> **TASK TO COMPLETE**: Leave out every picture, then transcribe the rest of the listing exactly.

> **PROVIDED DATA**:
Start of Block

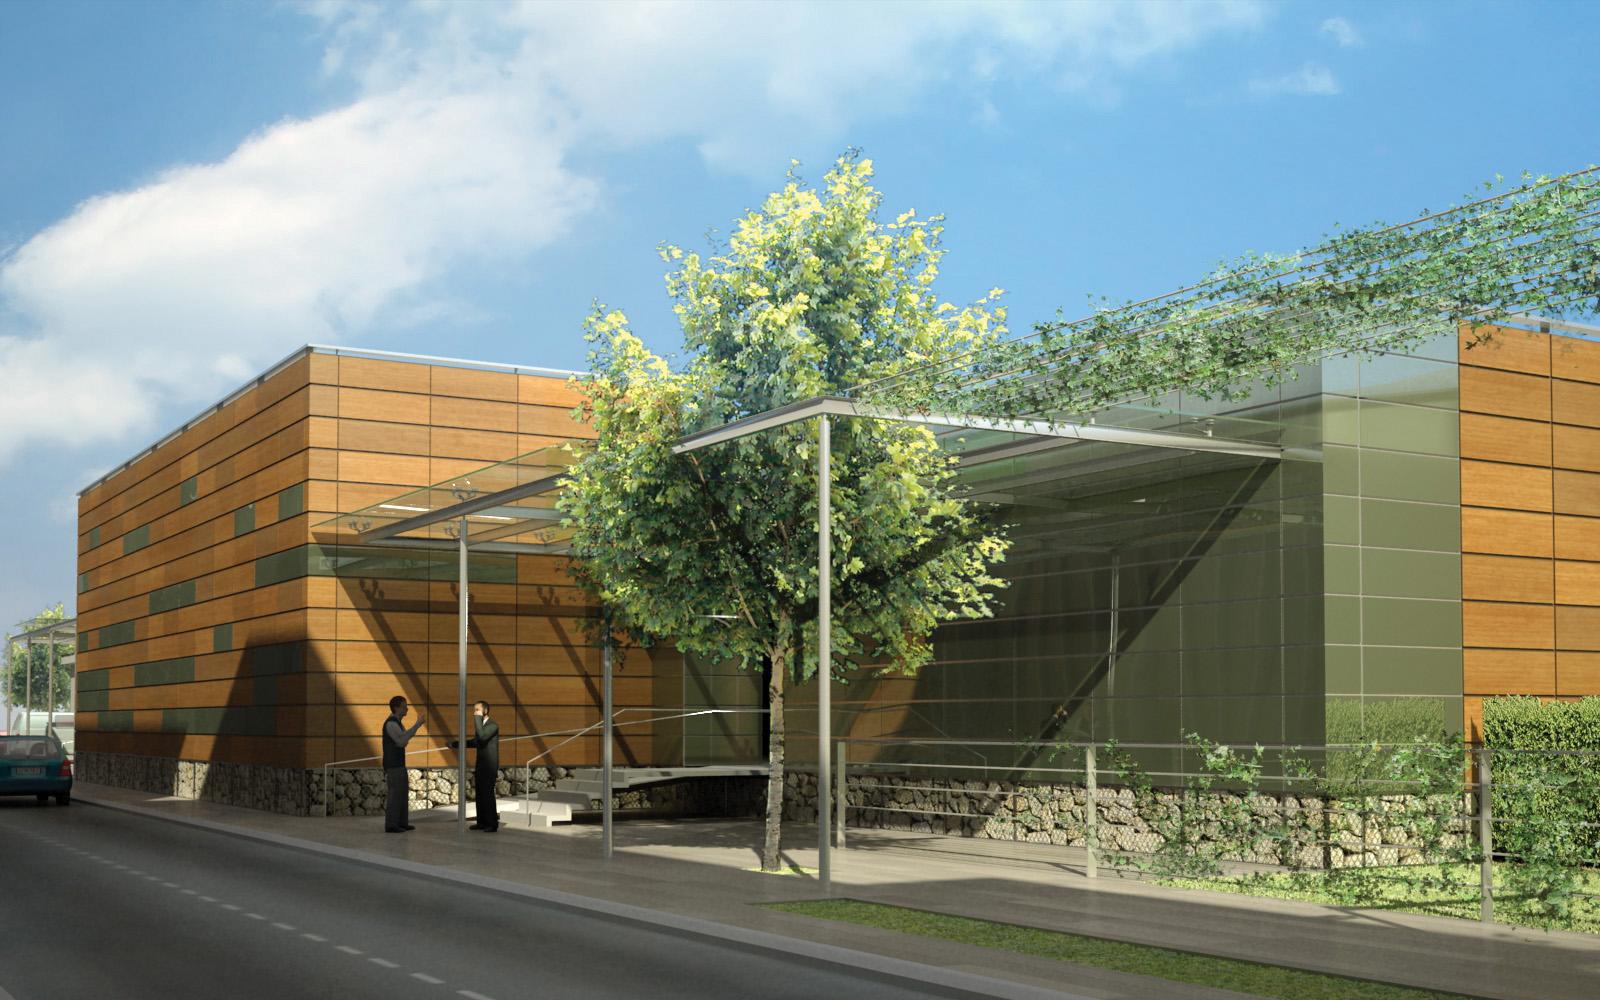 001 - Conceptual Design House
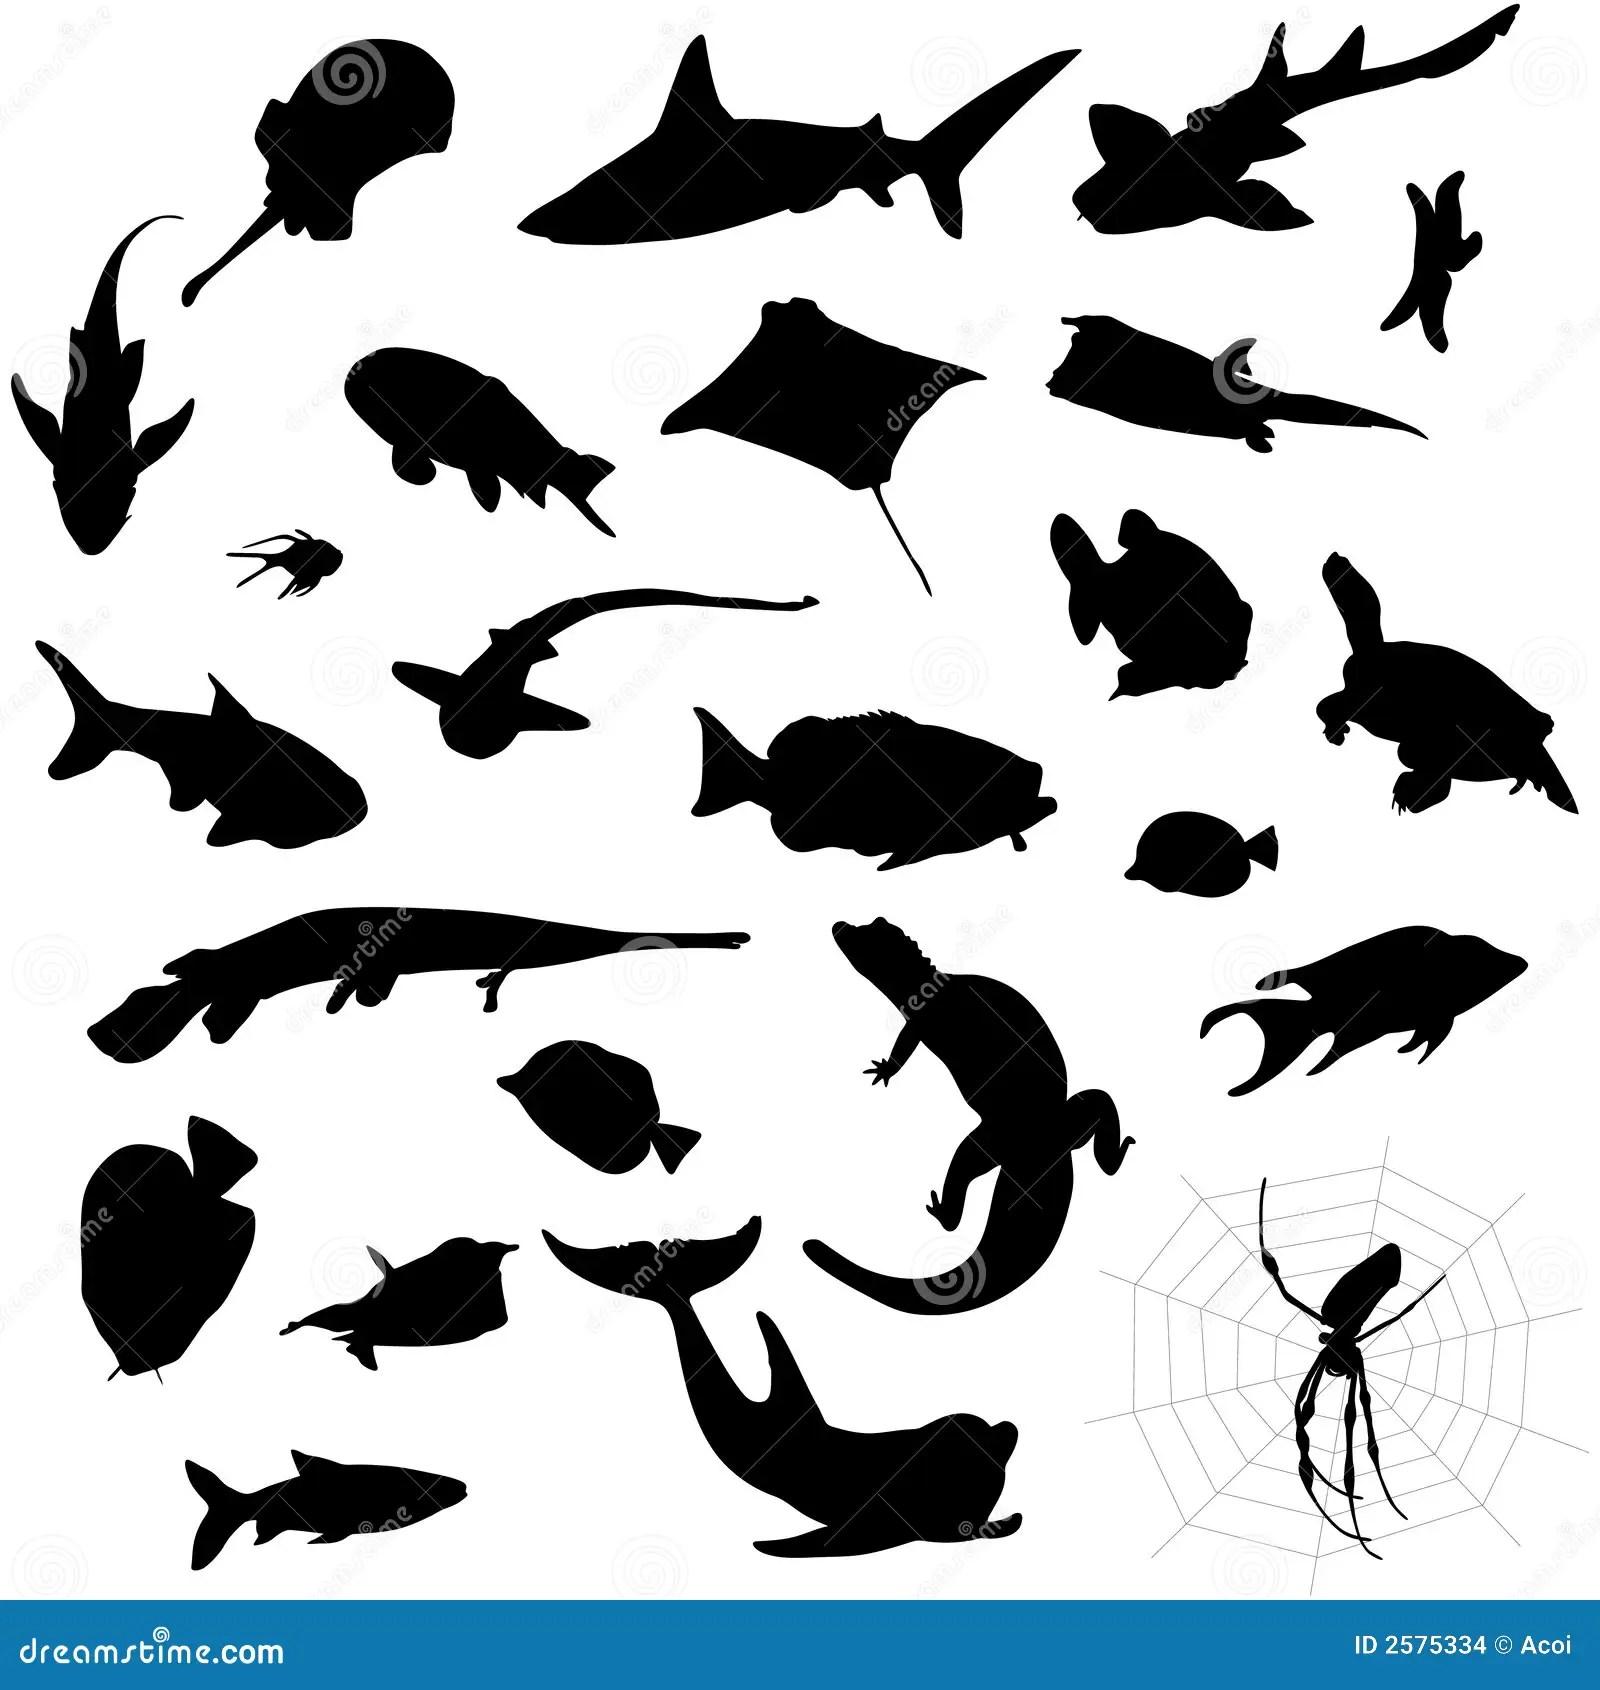 Aquarium Silhouettes Stock Vector Illustration Of River
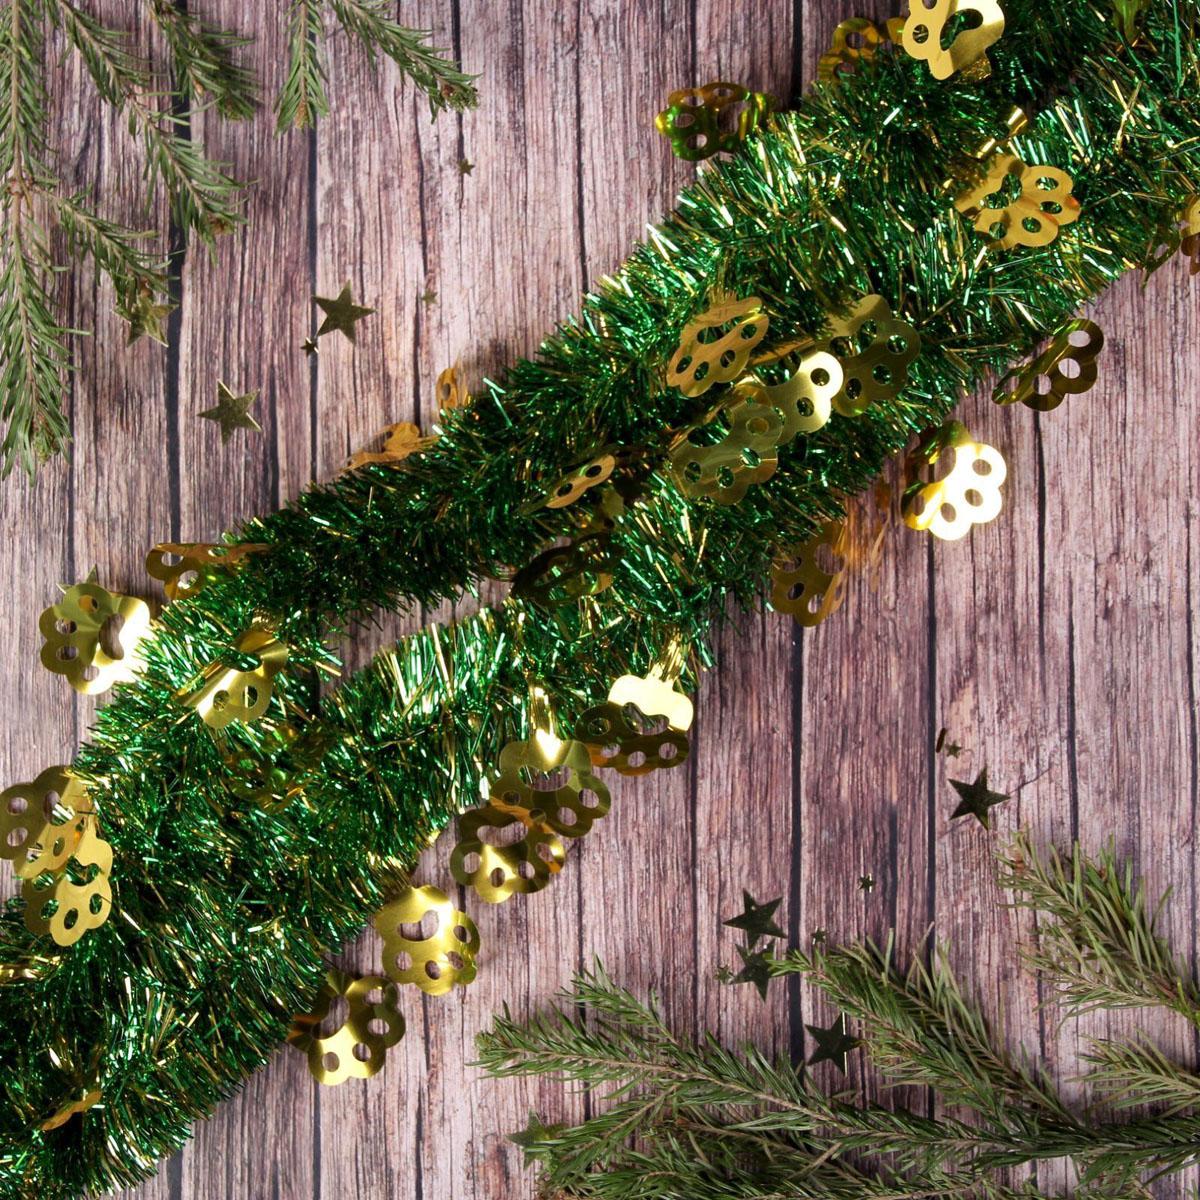 Мишура новогодняя Sima-land Лапка, цвет: зеленый, диаметр 5 см, длина 2 м. 23176462317646Невозможно представить нашу жизнь без праздников! Мы всегда ждем их и предвкушаем, обдумываем, как проведем памятный день, тщательно выбираем подарки и аксессуары, ведь именно они создают и поддерживают торжественный настрой.
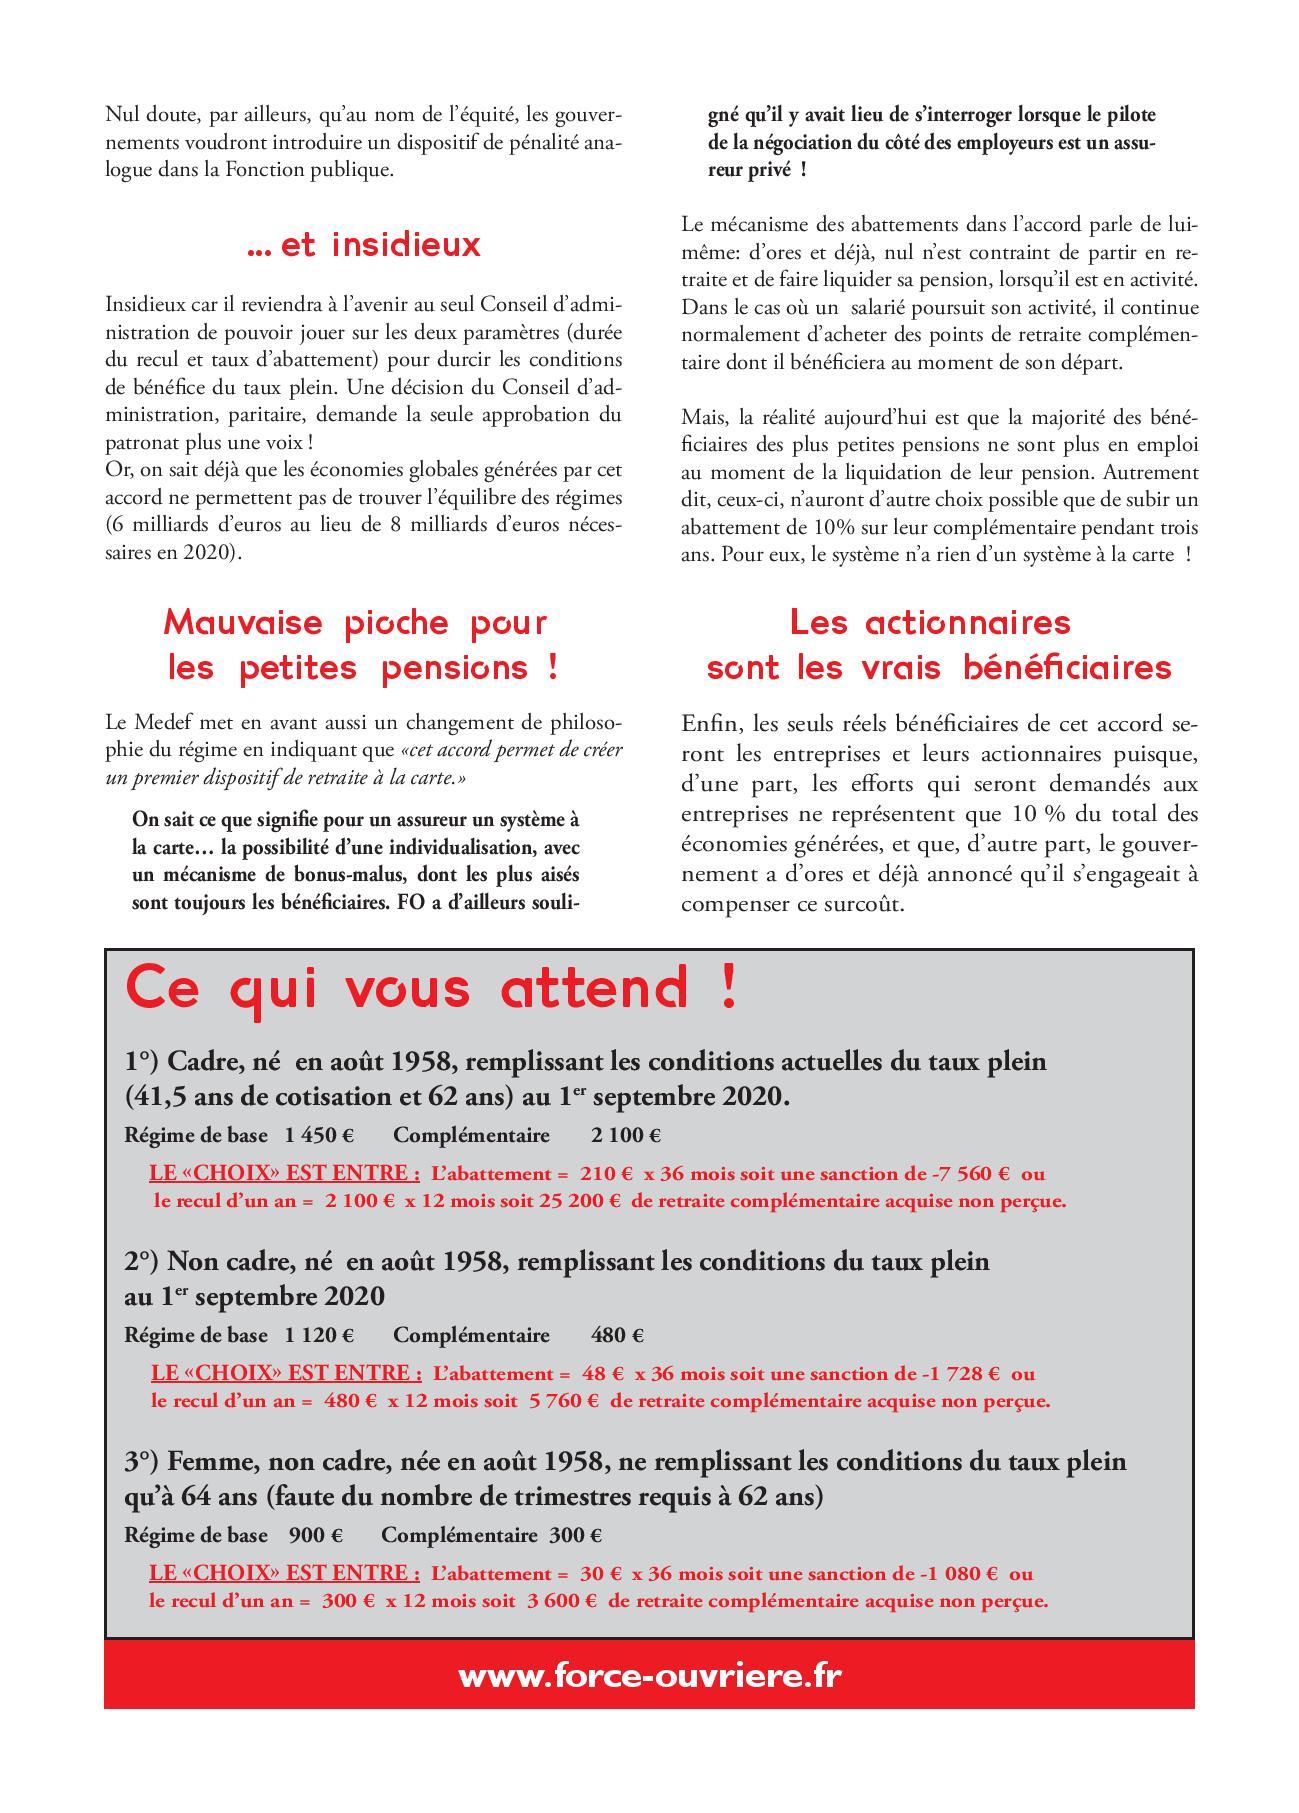 retraites-complementaires-suite-page-002

End of Block

> **WRITTEN RESPONSE**:
 001 - Conceptual Design House
 Aquarium Silhouettes Stock Vector Illustration Of River
 Мишура новогодняя Sima-land Лапка, цвет: зеленый, диаметр 5 см, длина 2 м. 23176462317646Невозможно представить нашу жизнь без праздников! Мы всегда ждем их и предвкушаем, обдумываем, как проведем памятный день, тщательно выбираем подарки и аксессуары, ведь именно они создают и поддерживают торжественный настрой.
 retraites-complementaires-suite-page-002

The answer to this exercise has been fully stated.